PROVIDED DATA:
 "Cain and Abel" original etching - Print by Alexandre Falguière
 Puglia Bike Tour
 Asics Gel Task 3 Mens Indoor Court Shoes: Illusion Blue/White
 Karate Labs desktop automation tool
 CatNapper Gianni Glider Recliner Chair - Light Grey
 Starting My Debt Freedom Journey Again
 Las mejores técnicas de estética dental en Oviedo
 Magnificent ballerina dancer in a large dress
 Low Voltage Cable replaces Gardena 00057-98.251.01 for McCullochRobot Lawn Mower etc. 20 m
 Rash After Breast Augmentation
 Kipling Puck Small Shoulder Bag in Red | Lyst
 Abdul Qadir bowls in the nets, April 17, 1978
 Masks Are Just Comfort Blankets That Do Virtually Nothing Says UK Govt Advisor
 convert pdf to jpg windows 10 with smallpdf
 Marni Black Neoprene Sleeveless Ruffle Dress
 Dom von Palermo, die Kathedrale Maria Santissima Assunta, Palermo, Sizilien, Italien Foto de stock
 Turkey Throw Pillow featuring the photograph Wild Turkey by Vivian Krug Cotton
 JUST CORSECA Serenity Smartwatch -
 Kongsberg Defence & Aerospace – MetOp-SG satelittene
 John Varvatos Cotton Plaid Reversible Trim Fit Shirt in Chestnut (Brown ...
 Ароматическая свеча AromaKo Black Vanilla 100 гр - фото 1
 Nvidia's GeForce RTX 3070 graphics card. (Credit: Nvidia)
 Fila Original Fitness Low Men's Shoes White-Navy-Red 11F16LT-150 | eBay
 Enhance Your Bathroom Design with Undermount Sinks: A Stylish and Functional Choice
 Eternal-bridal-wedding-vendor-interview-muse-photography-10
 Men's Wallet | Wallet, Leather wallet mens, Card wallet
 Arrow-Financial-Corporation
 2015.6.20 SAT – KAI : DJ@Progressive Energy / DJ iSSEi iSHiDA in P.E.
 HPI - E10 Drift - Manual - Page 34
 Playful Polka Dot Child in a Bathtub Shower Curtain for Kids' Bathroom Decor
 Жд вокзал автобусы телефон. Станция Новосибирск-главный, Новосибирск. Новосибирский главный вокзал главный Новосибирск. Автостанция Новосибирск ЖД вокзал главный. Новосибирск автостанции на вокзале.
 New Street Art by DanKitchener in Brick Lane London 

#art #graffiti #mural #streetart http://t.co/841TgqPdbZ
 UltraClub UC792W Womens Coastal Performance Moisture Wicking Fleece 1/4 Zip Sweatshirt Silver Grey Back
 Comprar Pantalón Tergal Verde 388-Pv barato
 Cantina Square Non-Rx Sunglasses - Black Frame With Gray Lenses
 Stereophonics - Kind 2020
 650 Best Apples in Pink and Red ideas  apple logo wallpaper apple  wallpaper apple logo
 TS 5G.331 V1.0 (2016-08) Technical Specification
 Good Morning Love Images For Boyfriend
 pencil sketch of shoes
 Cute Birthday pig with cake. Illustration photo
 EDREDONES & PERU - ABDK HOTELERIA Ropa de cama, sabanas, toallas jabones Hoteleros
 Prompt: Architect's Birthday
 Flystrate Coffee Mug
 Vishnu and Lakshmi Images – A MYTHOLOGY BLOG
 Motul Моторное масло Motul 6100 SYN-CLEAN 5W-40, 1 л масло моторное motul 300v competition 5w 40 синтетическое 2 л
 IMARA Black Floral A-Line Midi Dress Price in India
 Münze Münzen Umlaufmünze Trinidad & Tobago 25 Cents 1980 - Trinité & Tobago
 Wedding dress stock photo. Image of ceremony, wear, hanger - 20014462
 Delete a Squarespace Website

TO DO: Write out, without alteration, the line that contains "Cute Birthday pig" and all subsequent lines down to the end of the data above.

SOLUTION:
 Cute Birthday pig with cake. Illustration photo
 EDREDONES & PERU - ABDK HOTELERIA Ropa de cama, sabanas, toallas jabones Hoteleros
 Prompt: Architect's Birthday
 Flystrate Coffee Mug
 Vishnu and Lakshmi Images – A MYTHOLOGY BLOG
 Motul Моторное масло Motul 6100 SYN-CLEAN 5W-40, 1 л масло моторное motul 300v competition 5w 40 синтетическое 2 л
 IMARA Black Floral A-Line Midi Dress Price in India
 Münze Münzen Umlaufmünze Trinidad & Tobago 25 Cents 1980 - Trinité & Tobago
 Wedding dress stock photo. Image of ceremony, wear, hanger - 20014462
 Delete a Squarespace Website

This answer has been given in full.